Each layer of a neural network has inputs with a corresponding distribution, which is affected during the training process. The effect of these sources of randomness on the distribution of the inputs to internal layers during training is described as internal covariate shift. 

Reduce internal covariate shift

Whitened: linearly transformed to have zero means and unit variances, and decorrelated.

Higher learning rate without vanishing or exploding gradients

Regularizing effect --> unnecessary to use dropout to mitigate overfitting

attr:`momentum` argument is different from one used in optimizer classes and the conventional notion of momentum.
view it as moving avg.

Learnable params: \gamma and \beta: for each dim of input (can represent the identity transform)
if trainable: computes mean and var according to the current batch and updates the running stats
else: use running stats for validation

Batch Normalization is done over the `C` dimension, computing statistics on `(N, L)` slices.

Why over C dim?
Because weights shared across channels.

In [1]:
"""
Comparison of manual BatchNorm2d layer implementation in Python and
nn.BatchNorm2d
@author: ptrblck
"""

import torch
import torch.nn as nn


class MyBatchNorm2d(nn.BatchNorm2d):
    def __init__(self, num_features, eps=1e-5, momentum=0.1,
                 affine=True, track_running_stats=True):
        super(MyBatchNorm2d, self).__init__(
            num_features, eps, momentum, affine, track_running_stats)
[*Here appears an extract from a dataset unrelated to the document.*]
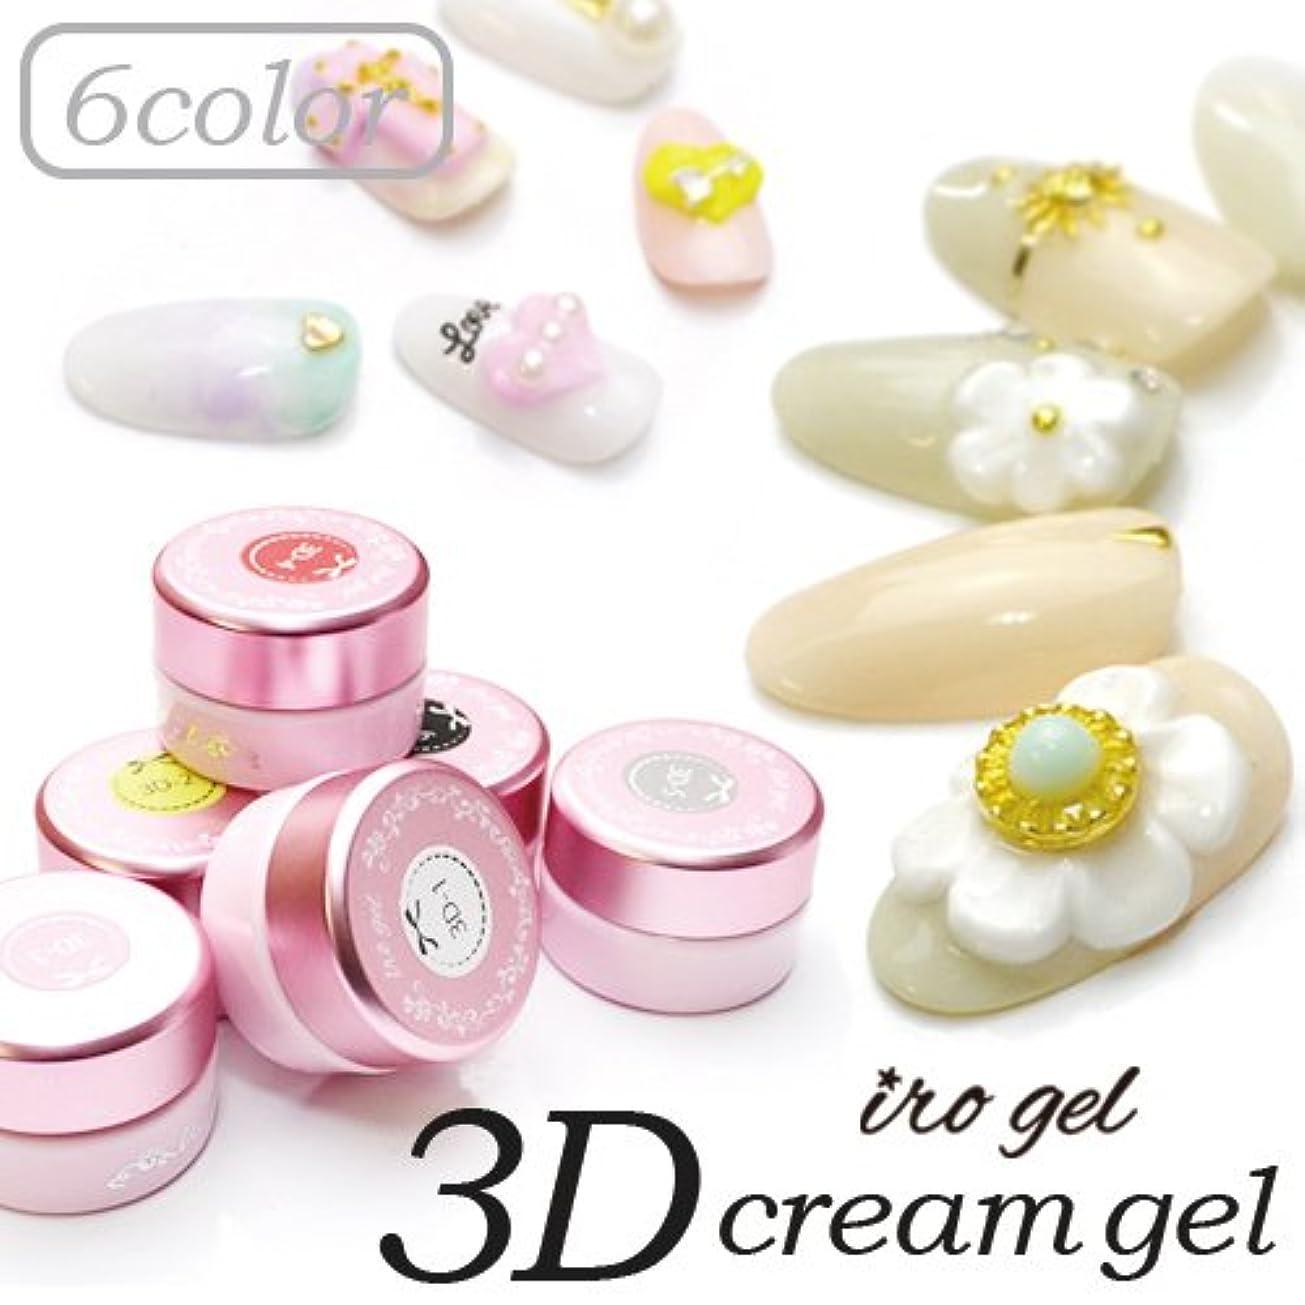 踏みつけ韓国失礼3D irogel(イロジェル)クリームジェル「4 レッド」3Dジェルネイル

    def forward(self, input):

        exponential_average_factor = 0.0

        if self.training and self.track_running_stats: 
            if self.num_batches_tracked is not None:
                self.num_batches_tracked += 1
                if self.momentum is None:  # use cumulative moving average
                    exponential_average_factor = 1.0 / float(self.num_batches_tracked)
                else:  # use exponential moving average
                    exponential_average_factor = self.momentum

        # calculate running estimates
        if self.training:
            mean = input.mean([0, 2, 3])
            # use biased var in train
            var = input.var([0, 2, 3] , unbiased=False)
            n = input.numel() / input.size(1)
            with torch.no_grad():
                self.running_mean = exponential_average_factor * mean\
                    + (1 - exponential_average_factor) * self.running_mean
                # update running_var with unbiased var
                self.running_var = exponential_average_factor * var * n / (n - 1)\
                    + (1 - exponential_average_factor) * self.running_var
        else:
            mean = self.running_mean
            var = self.running_var

        input = (input - mean[None, :, None, None]) / (torch.sqrt(var[None, :, None, None] + self.eps))
        if self.affine:
            input = input * self.weight[None, :, None, None] + self.bias[None, :, None, None]

        return input